March 29th, 2008 by isaac · 1 Comment

A few years ago, someone from our church went to Iraq with the Mennonite Central Committee to work for peace while our country waged war. During the Easter season of 2004, he sent us a letter, a dispatch from the front. Peter Dula wrote to us, “Jesus has indeed risen even if it was a hell of a long time ago and even if there is no evidence of it in Baghdad.”

Peter has written an essay on what it means to celebrate Easter while evil seems to be winning the day. Well worth reading—best essay I’ve read in a few years (but I’m biased). It appears in the March 28th issue of Commonweal Magazine (a Catholic publication—what’s a Mennonite doing talking about the Feast of the Assumption of the Blessed Mary?). Here’s the link: “Easter in Baghdad: Theology in the Shadow of War.”
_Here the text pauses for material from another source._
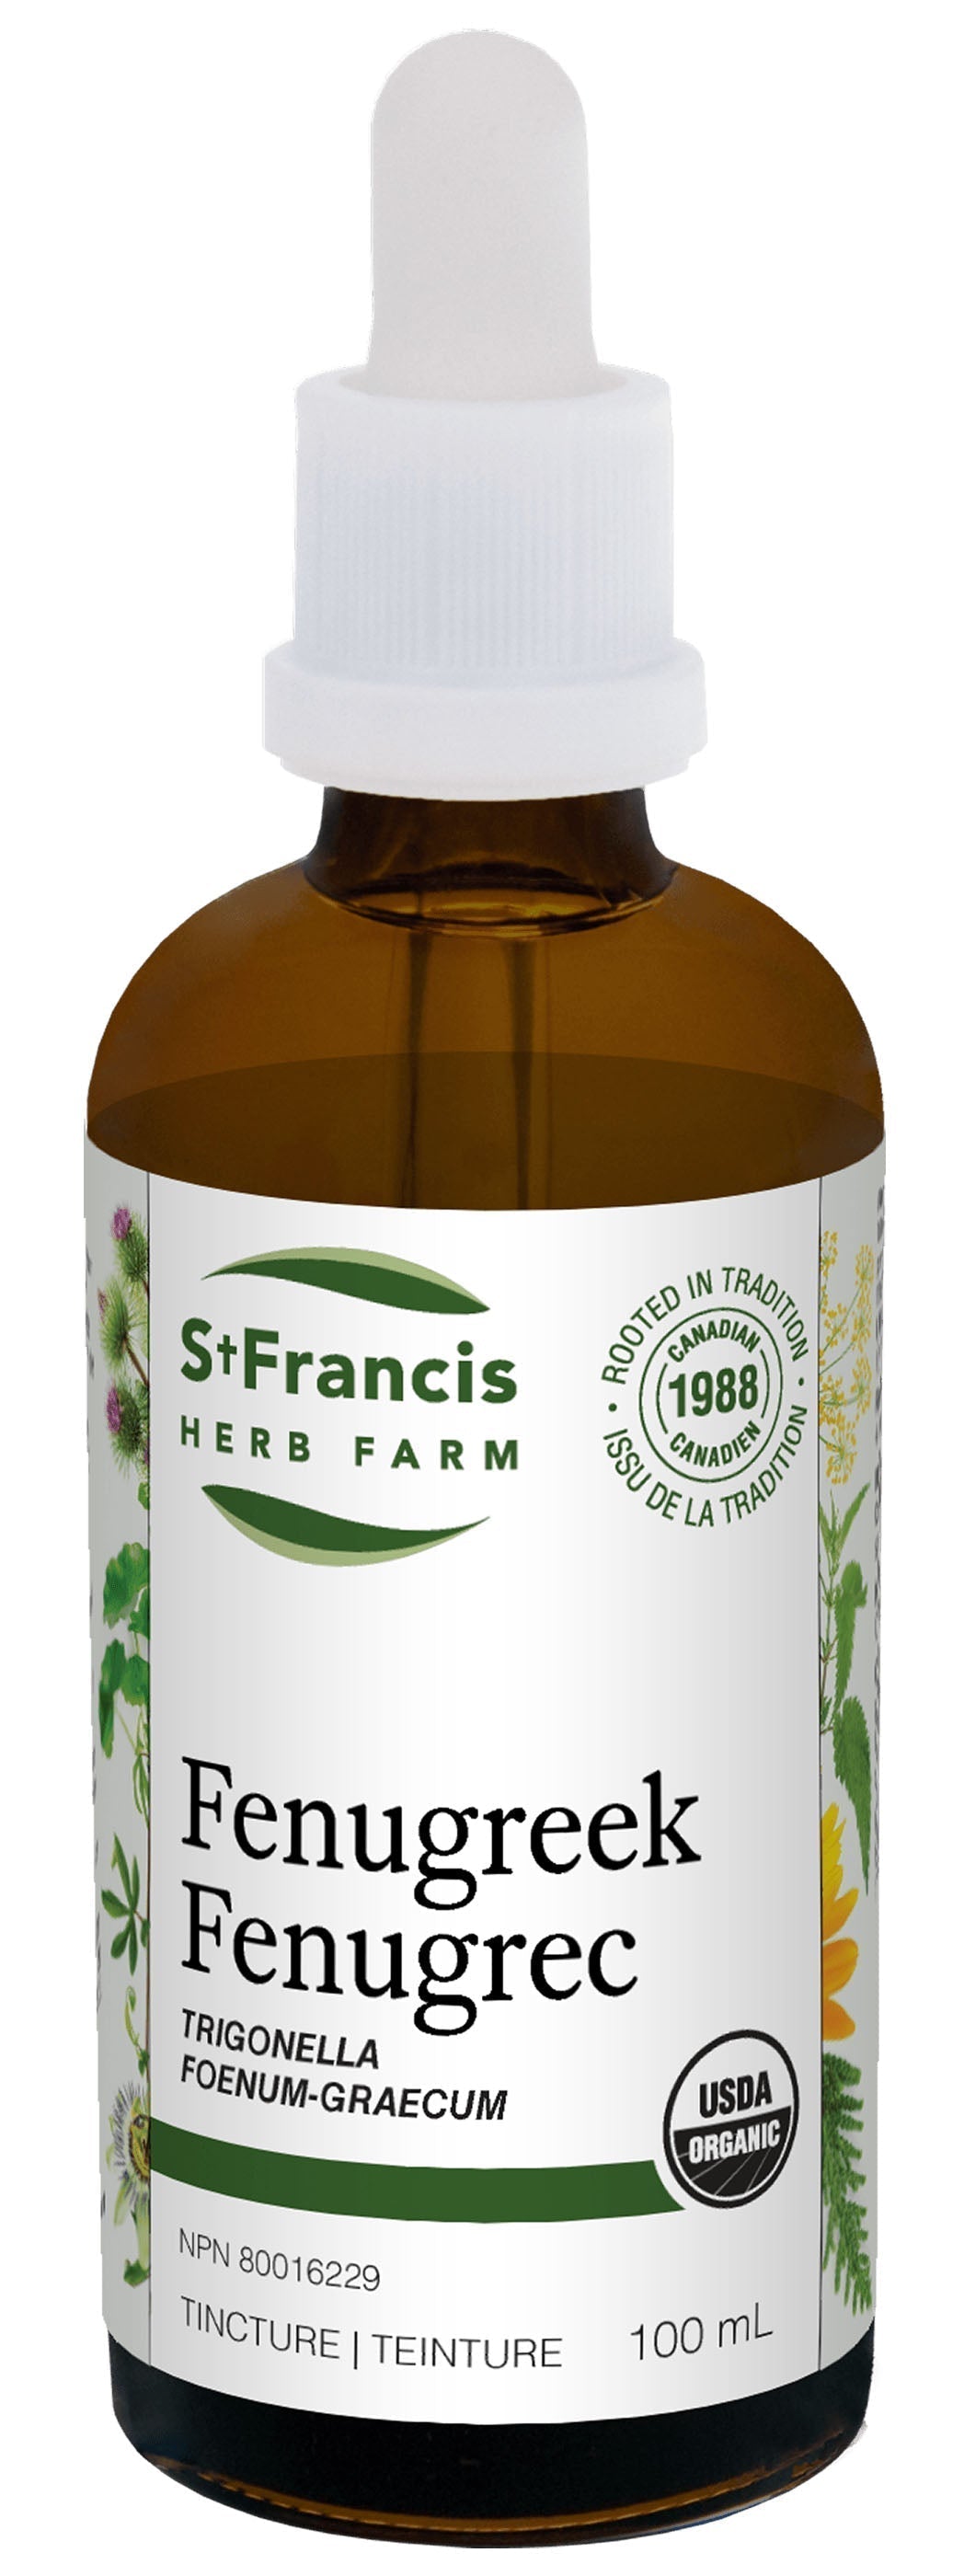 ST FRANCIS HERB FARM Fenugreek (100 ml)

Dula leads us into a place where silence is the only possible thing to say—where worship is a political protest against the powers of evil, but one where we cry Maranatha “while our eyes swim with tears,” as Barth put it (CD IV/2: 789). Peter Dula writes,

We do see Jesus-the broken and bloody body of Christ-scattered across the margins of the American empire…. If theology is helpful it is not because it allows us to say anything, but because it pushes us toward silence; it unveils our ignorance and makes it hurt.